Sign up to an Arb Alert service The most expensive option is to sign up to a subscription-based service that delivers notification of underround books either by email or by SMS. Unfortunately, some of these services have acquired dubious reputations. Their use of spiders to trawl the Web for arbs often generates a huge amount of non-existent or illogical arbs. Dates, events and players can all get mixed, rendering the so-called arb meaningless. Even if they do find a valid underround book, the sheer number of their members piling in for their guaranteed profit leads to a rapid price alignment that actually removes the arb opportunity. This self-defeating causality generates frequent complaints from paid-up users about the unavailability of the notified arb. Arb Cruncher recommends extreme caution with these services.

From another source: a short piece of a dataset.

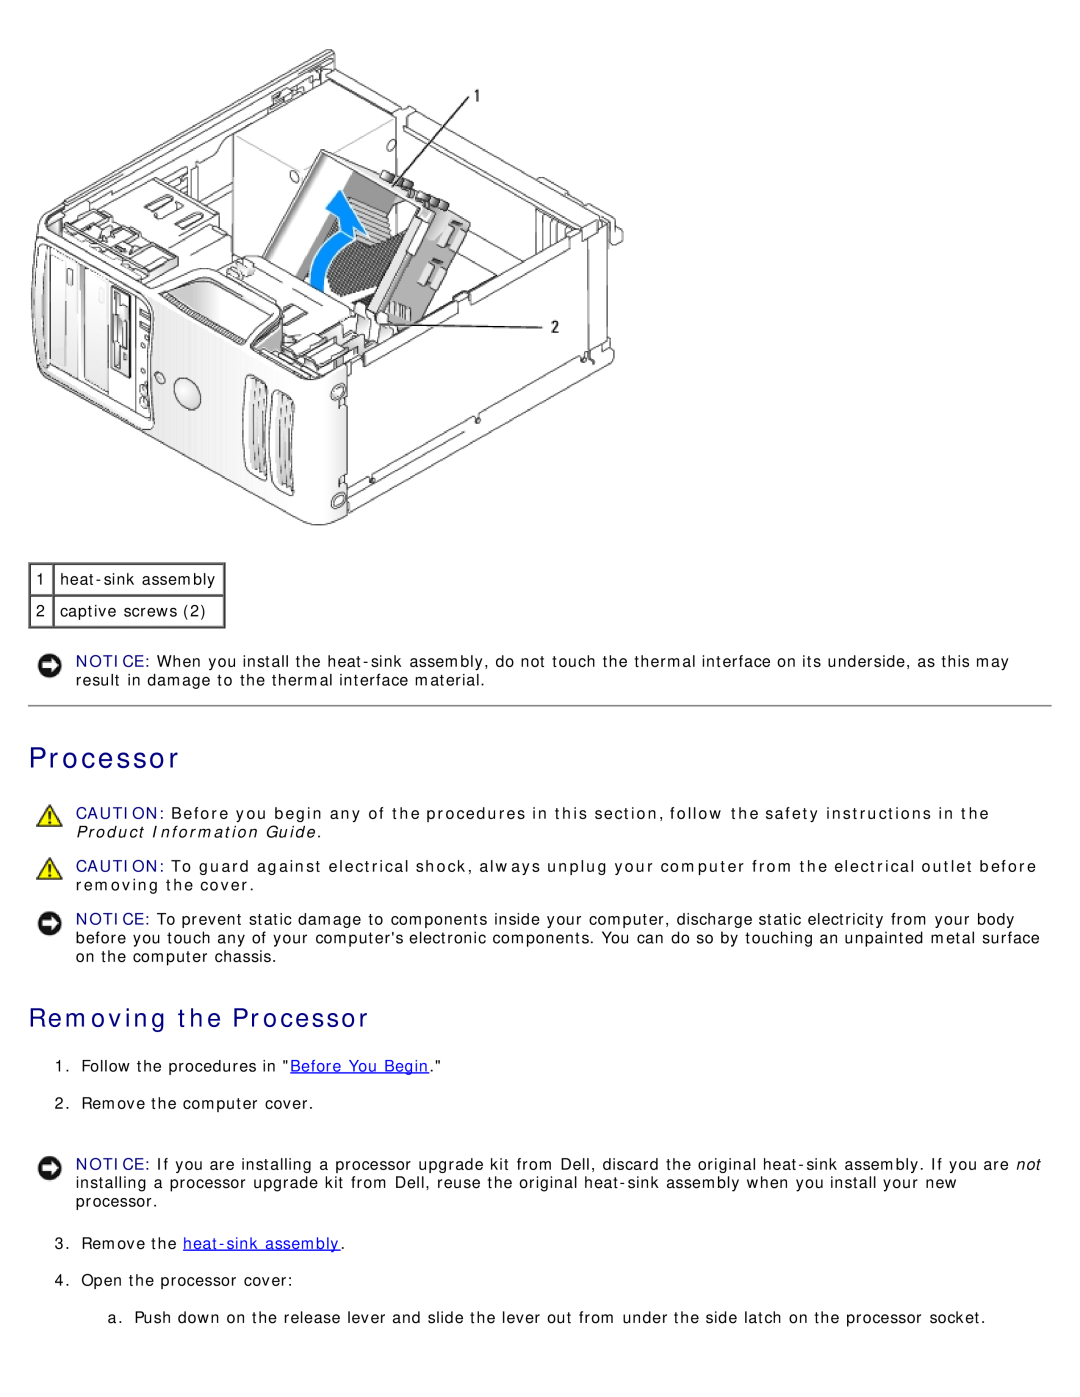 Dell DCSM manual Removing the Processor, Remove the heat-sink assembly

How does commission affect the book percentage?
If you are backing all the selections on the same betting exchange, Arb Cruncher does not factor the exchange commission rate into the book percentage. This is because the commission does not affect the intrinsic value of the prices - it merely operates as a tax on your overall profits.

If, however, you are backing one of the selections on an exchange, Arb Cruncher does factor the commission rate into the calculated book percentage. This is because the commission rate modifies the effective exchange price and could ultimately make the difference between an underround and an overround book.

Are there any other risks associated with arbitrage betting?
Although the prices may guarantee a certain profit in theory, there are a few factors that could prevent the actual implementation of the arb:

Maximum stake limits Before placing your bets, you should always check that none of the bookmakers in the arb have a maximum stake limit that could prevent you placing your full stake.

Remember that all betting exchange prices are effectively subject to some sort of stake limit, so keep a close eye on the available liquidity at not just the best price, but also the 2nd and 3rd prices in line (just in case all the money at the best price gets hoovered up).

Price changes
Before placing all bets in an arb, check that their prices are still available (don't rely on bookies holding their prices quoted in the Racing Post). Save time by opening several browser windows (CTRL+N), or by simultaneously checking prices on the Internet and by telephone. You should also bet on all legs of the arb at the same time using Internet and the phone.

Prices on the exchanges can change very quickly, so make sure that you place any exchange bets first while the price lasts.

Dodgy bookmakers
Unfortunately there is a long list of bankrupt and fraudulent betting sites that have deprived punters of their legitimate winnings. Arbhunters therefore have to be streetwise in their choice of bookmakers. There are two useful sites that help you identify the more reputable bookmakers:

  Sportsbook Review: Assigns rankings to bookmakers (sportsbooks) on the basis of continuous monitoring of service and complaint levels. Avoid bookmakers ranked D+ or less!
Independent Betting Arbitration Service: Provides independent resolution of disputes with UK and Irish bookmakers registered with IBAS. The site contains a list of registered bookmakers that is a useful yardstick of respectability.
 
You should also keep an eye on messageboards, like Punter's Lounge and Betting Advice, where punters warn each other of dubious bookmakers.

Different bookmakers' rules
Bookmakers often have different policies for settling bets with irregular outcomes (eg postponed/abandoned soccer matches, withdrawal of tennis players during a match etc). This can drastically affect the success of an arb, so you should check that the bookmakers share the same policies for these events before you place bets with them.